苏姿气得筷子一撂,跑去卫生间给霍晔打电话,跟他抱怨曾盛豪今晚的表现有多差劲。

“喂!你什么眼光啊!你以为本小姐随便都能和人演戏吗?要不是看他长得帅,我才不乐意挽他呢!我甚至亲手给他剥了虾,他竟敢一点都不识相!”

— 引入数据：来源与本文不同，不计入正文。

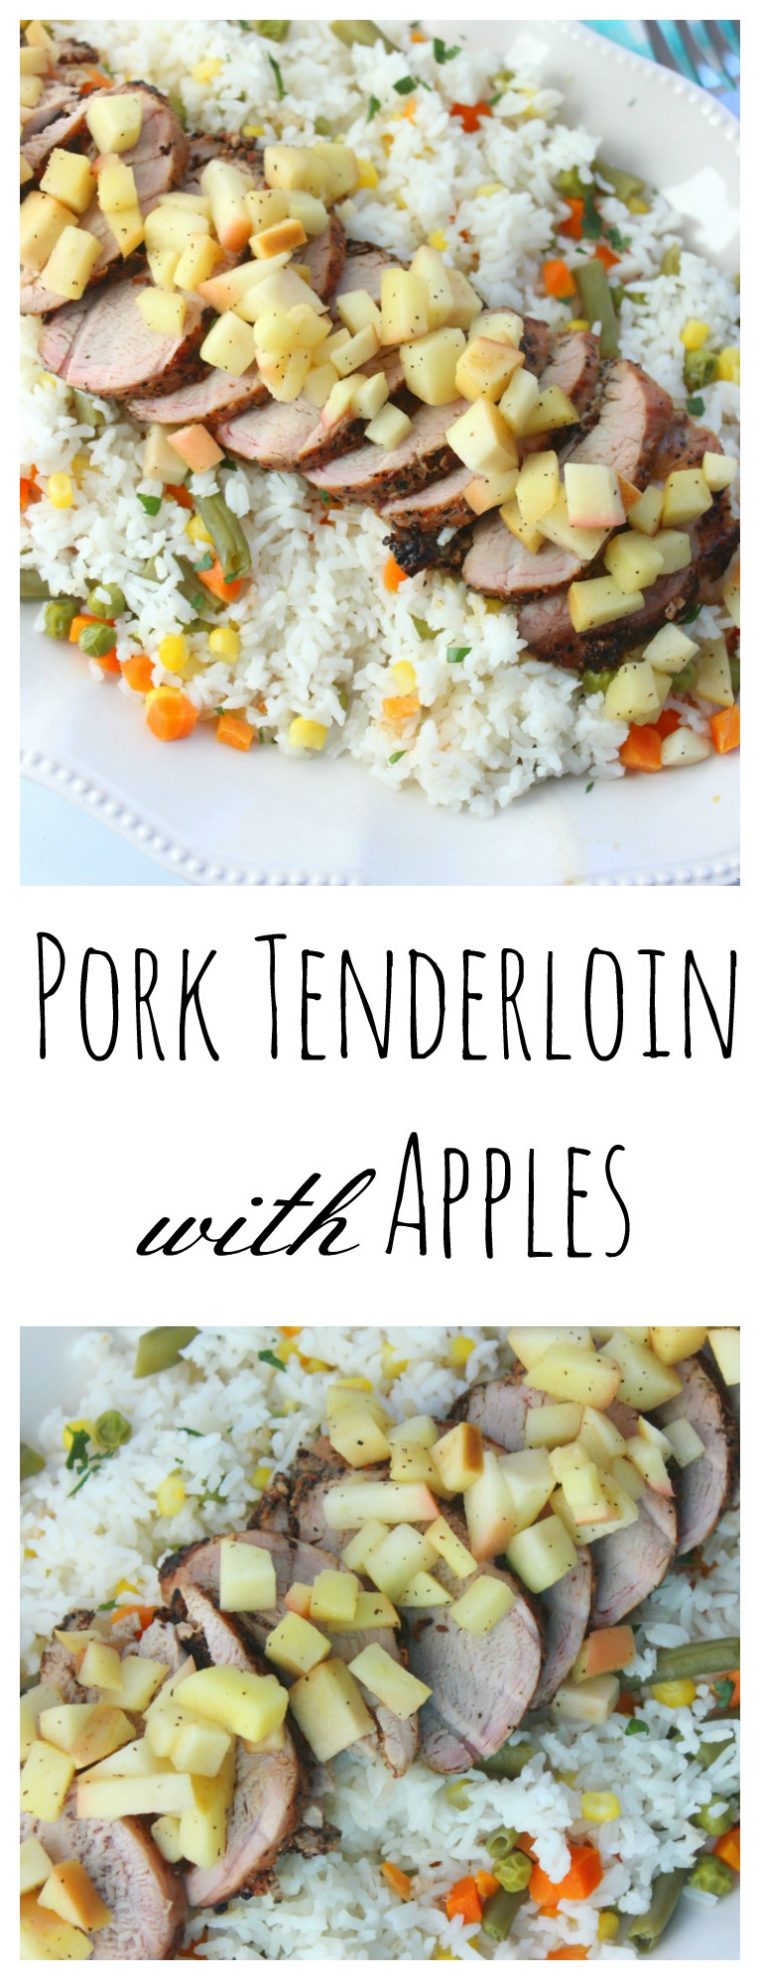 pork-tenderloin-with-apples-final

苏姿不满控诉,“我说,你这个笨蛋情人都可以去拿个金扫帚奖影帝了!”

“他不是情人,”电话那头道,“他是我老婆。”

“都老婆了还这么没用!一点社交属性都没有!”

“他不是没用,他是忠于我。”

苏姿无语,心想真是情人眼里出西施,一个不开窍的铁树疙瘩,居然能在霍晔眼里花香扑鼻的,简直是莫名其妙。

然后二话不说拎包走人,撂挑子不干了。

饭桌上,二人对座。

菌菇和番茄的鸳鸯汤底冒泡沸腾着,席曦一边挑筷子涮菜吃,一边轻声埋怨:“你居然讨厌我到不惜花钱雇女朋友,我也没把你怎么样吧?”

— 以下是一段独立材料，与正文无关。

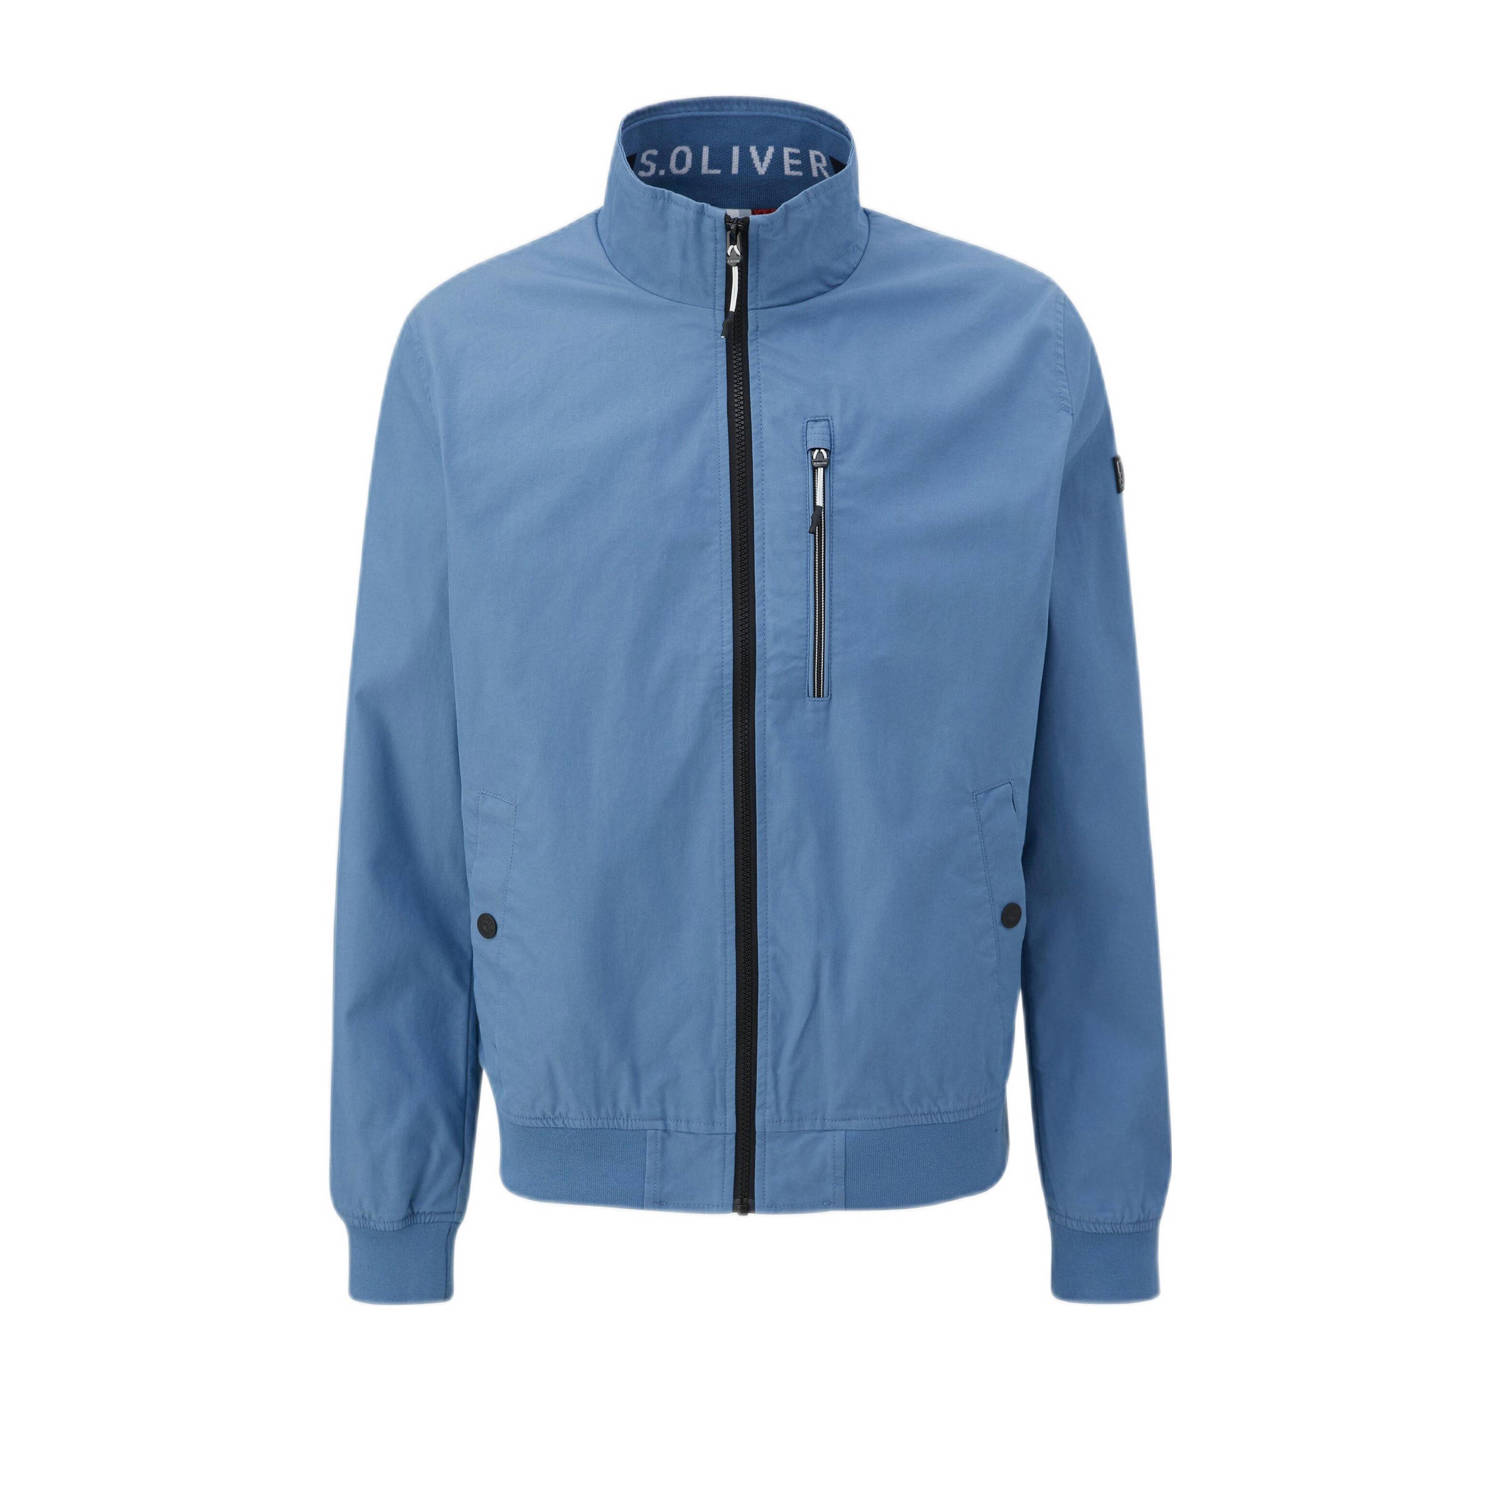 S.Oliver jas met logo lichtblauw

曾盛豪歉然一笑,纠正道:“她是朋友,不是金钱关系。”

席曦无所谓道:“没关系,既然你找人装作你女朋友,就说明你是单身。”

“本来曾叔叔跟我爸爸说,你已经有交往对象了,我还有点担心呢。”

“席曦,”曾盛豪直言拒绝,“无论我是不是单身,我都不可能和你在一起,你非要强人所难,这有点幼稚。”

“幼稚么?盛豪哥,我怎么觉得真正幼稚的人是你呢?你不会以为两个人在一起的前提是爱情吧?”

“哦,我忘了,叔叔阿姨好像是自由恋爱。”

“不过,我爸妈不是。”

“我不在乎你喜不喜欢我,两厢情愿本来就是概率极低的事,我只要我自己如愿以偿。”

席曦津津有味地吃着肥牛卷,抬眼冲他一笑,“而且我们两家也很合适,懂吗?”

曾盛豪带着一身挫败感,灰头土脸地回家复命。

夜幕深沉,浓厚阴云遮蔽住星空,月光稀薄惨淡,反衬得室内一片宁静祥和。

客厅里,霍晔光着膀子穿条居家裤,低头坐在沙发上调试吉他琴弦。

曾盛豪自称琴棋书画样样精通,后来霍晔察觉他是音痴,逮住这人一通刨根问底,才晓得“琴”既不指古筝,也不指钢琴,而是口琴。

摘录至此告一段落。